For all those reasons, and many more, I think languishing is a Big Idea. Like Cory, I’m sort of a pioneer in well-being too—in economics. And in more formal terms, what Cory’s done is provide us a sort of way to begin making a paradigm shift. “An absence of well-being” gives us a lot to chew on.
Like what? Cory provides, if you read the article, five recommendations not to languish. They’re micro-recommendations, in the sense that if you do these things, like helping people, or finding spirituality, and so forth, you’ll feel more meaning and purpose. But the question is the one that ever rises when psychology and society collide.
If this tidal wave of languishing is produced by broken systems and institutions, then to what extent is the solution to it individual? To what extent can the solution to it be? That’s an unfair question, because of course, Cory’s goal isn’t fixing the system, just aiding people in their quest for well-being. But when we have these discussions, the sort of elephant in the room is: if our world is broken because our systems and institutions are, if they can’t provide us stable careers, social bonds, financial security, a sense that we matter, the recognition that we count, and much, much more—then to what extent will we just…languish…more and more…no matter our daily habits?

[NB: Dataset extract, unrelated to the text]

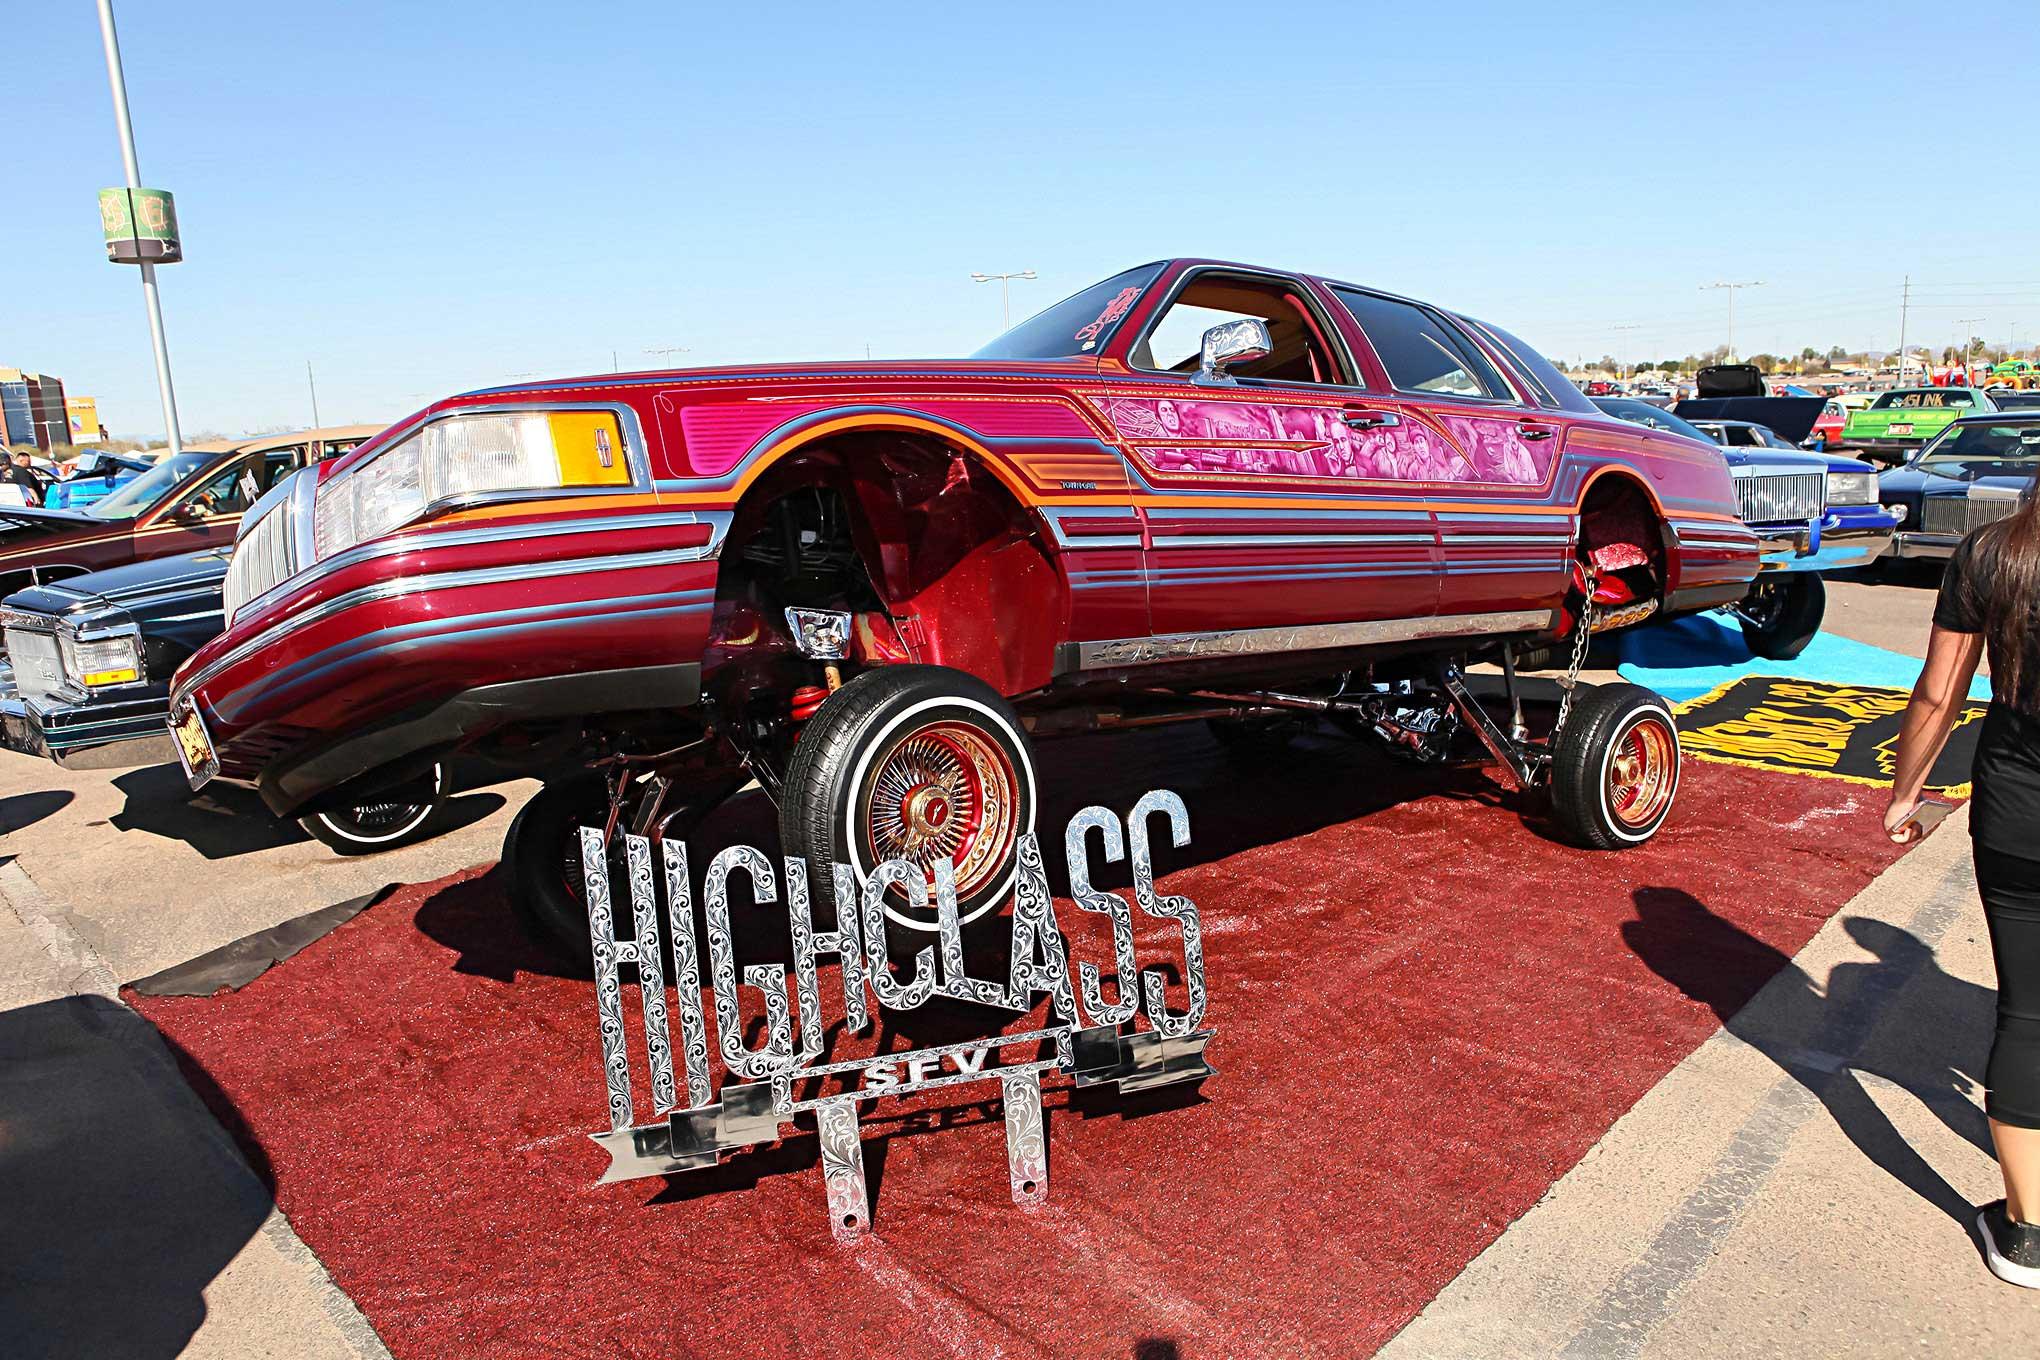 2018 Arizona Super Show Highclass Cc Lincoln Town Car Lowrider

That’s a tough question. The economist in me has a tough answer, too. We have to reinvent and reform our systems. One failure was when they couldn’t generate higher living standards, and generations fell into downwards mobility. But today we stand atop the rubble of another failure, which is that having consigned people to languish, those groups turned, in their despair, meaninglessness, emptiness, and lack of purpose, to demagogues, and now the pillar of civilization, democracy itself, is imperiled around the globe. We need to fix our systems, as I’ve always said, for eudaimonia, which is the presence of well-being, because right now, they’re producing languishing, which is its opposite.
I hope that helped you make sense of this troubled age a little bit. Cory’s idea, like I said, is a brilliant and beautiful one—just the kind we need if we’re to make the paradigm shifts we need to get out of the mess we’re in. Thanks for reading, comment away, let me know if you’re languishing, if you can see it in your friends, loved ones, the world around you, and what you think about it all (and thanks, Cory, for this breakthrough in human thought.)